Dass Wirtschaft und Schule zusammengehören, daran zweifelte keiner der Redner. Allerdings unterstrich Prof. Dr. Thomas Retzmann, Wirtschaftsprofessor an der Universität Duisburg-Essen, dass die ökonomische Bildung heute immer noch nicht in den Schulen verankert sei. Das Fach Wirtschaft sollte man endlich in den Lehrplan aufnehmen, so der Professor.

Die Wissenslücken beim Thema Wirtschaft kriegt auch die MC-Bauchemie bei seinen jährlich 50 neuen Azubis zu spüren: „In Einstellungstests und Bewerbungsgesprächen stellen wir häufig fest, dass viele Schüler Mängel zeigen, wenn es etwa um betriebswirtschaftliche Grundkenntnisse geht“, so MC-Geschäftsführer Dr. Claus-M. Müller.

Schule sollte Überblick geben

Anikó Kunz von der MC-Personalabteilung schlug vor, diese Lücken vor allem in Bezug auf wirtschaftliche Grundbegriffe zu schließen. „Was ist ein mittelständisches Unternehmen? Was der Unterschied zwischen einer Handels- oder Industriekauffrau? Die Schüler sollten in Fächern wie Sozialwissenschaften einen guten Überblick erhalen“, so Kunz.

Zur Gelassenheit rief dagegen Hans-Georg Rinke, Leiter der Schillerschule Bochum, auf. Zwar tue seine Schule bereits eine Menge zur wirtschaftlichen Förderung – etwa bei der Betreuung von Schülerfirmen – aber könne die Schule auch nicht in allen Bereichen präsent sein. „Auf uns kommen so viele Ansprüche zu“, so Rinke. Die Kapazitäten vieler Lehrer seien bereits erschöpft. Man müsse deshalb mit Vorsicht entscheiden, welches zusätzliche Lernangebot den Mehraufwand wirklich wert sei.

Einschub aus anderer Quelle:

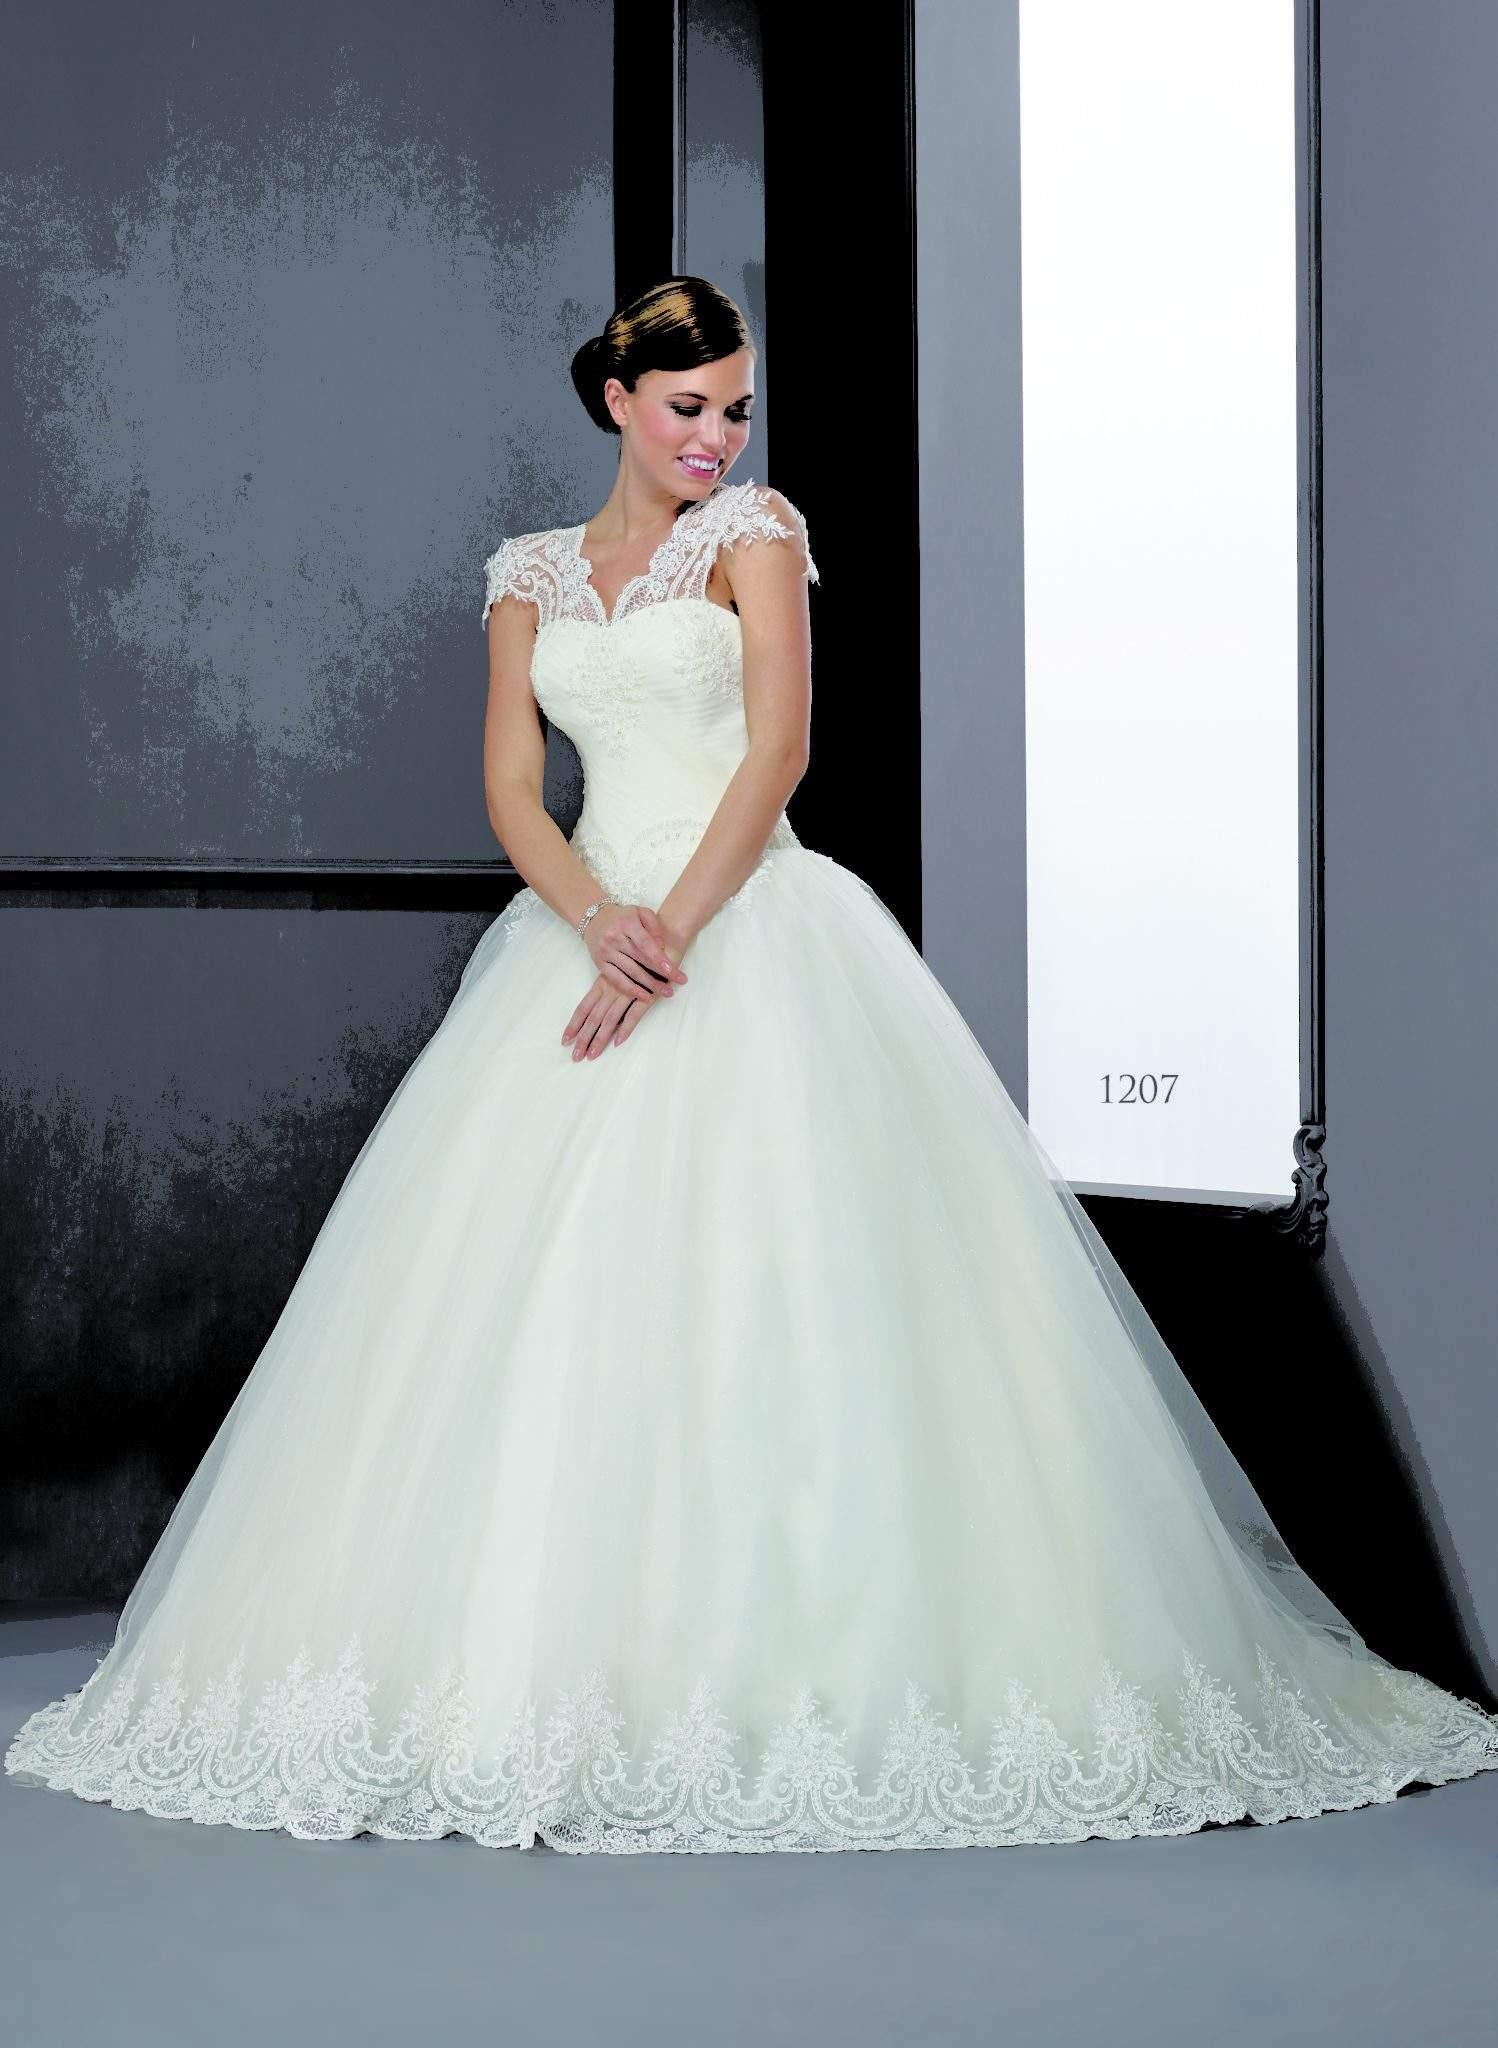 Cap Sleeve Wedding Ball Gowns - Darius Cordell Fashion Ltd

Für alle, die dagegen noch Platz in ihrem Lehrplan sehen, bot die Veranstaltung einen Workshop, in dem drei Beispiele zur Vermittlung von Wirtschaftskompetenz vorgestellt wurden: Auf dem Don-Bosco-Gymnasium in Essen können Schüler den Europäischen Wirtschaftsführerschein ablegen. „In Workshops geht es hier um die praktische Vermittlung von Wirtschaft“, so Schulleiter Lothar Hesse. Das Institut der Deutschen Wirtschaft hilft dabei, Schülerfirmen zu gründen, während der Talentmonitor Ruhr online eine Orientierung über verschiedene Förderungsangebote bietet.